Европа-45. Европа-Запад — страница 93 из 131

Газеты захлебывались от восторга. Фашистские вожди давали сногсшибательный материал. Генералы и фельдмаршалы переодевались солдатами и скрывались в госпиталях под видом раненых. Министры готовы были превратиться в дворников и лифтеров при гостиницах, лишь бы только скрыться и избежать суда. Гиммлер, уничтоживший десятки миллионов людей, оказывается, шнырял по Германии, стремясь скрыться и держа наготове ампулу с ядом, подобно захудалому шпиону.

Старые, беззубые хищники из газетных джунглей Америки и Европы думали и гадали: что еще принесет победа? Какие несуразности? Какие неожиданности и сюрпризы? Какие сенсации?

А тем временем жизнь, освещенная великим и святым словом «победа», возвращалась в свое обычное русло; жизнь, преодолев смерть, становилась жизнью и несла людям обычные заботы, простые, иной раз неприметные, но на диво чистые и прекрасные мирные заботы.

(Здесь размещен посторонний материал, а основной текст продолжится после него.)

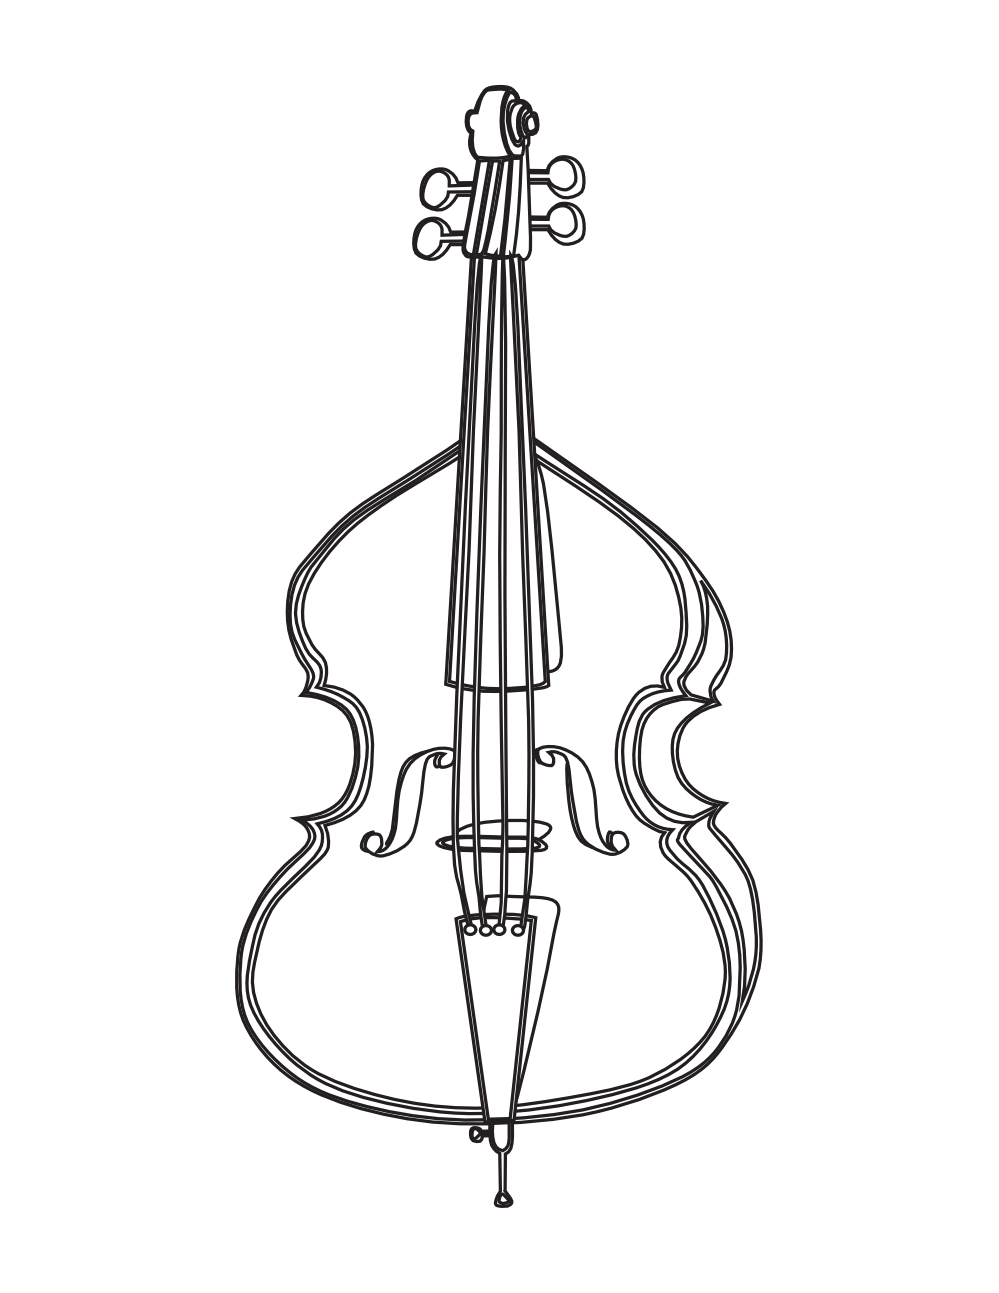 Instruments clipart string.

Михаил Скиба организовал небольшой штаб; у него было отделение автоматчиков, несколько легковых машин для поддерживания связи с Кельном, Бонном, Дельбрюком и Ванном, где находились сборные пункты советских граждан. Расположился он со своими людьми в небольшом городе Берг-Гладбах, лежавшем за Дельбрюком, занял там три виллы бывших фашистов. На улице перед въездом в расположение советского штаба, подобно символу победы, высилась большая трехгранная пирамида, грани которой были портретами Сталина, Черчилля и Трумэна, руководителей трех союзнических государств, государств-победителей. А наверху пирамиды реяли на весеннем немецком ветру три стяга:

красный — с серпом и молотом, американский — звездно-полосатый — и британский — с пучками разноцветных полос-лучей, которые должны были, очевидно, символизировать то британское содружество наций, в силе которого англичане жаждали убедить весь мир и в которое, по сути, никто никогда не верил.

Теперь между этими тремя великими государствами была общность, было содружество; великая победа служила красноречивым доказательством этого — и флаги на центральной улице Берг-Гладбаха реяли резво и красиво, а с больших портретов под ними доброжелательно глядели лица трех пожилых людей, призванных сохранить для поколений сей прекрасный союз, принесший людям победу.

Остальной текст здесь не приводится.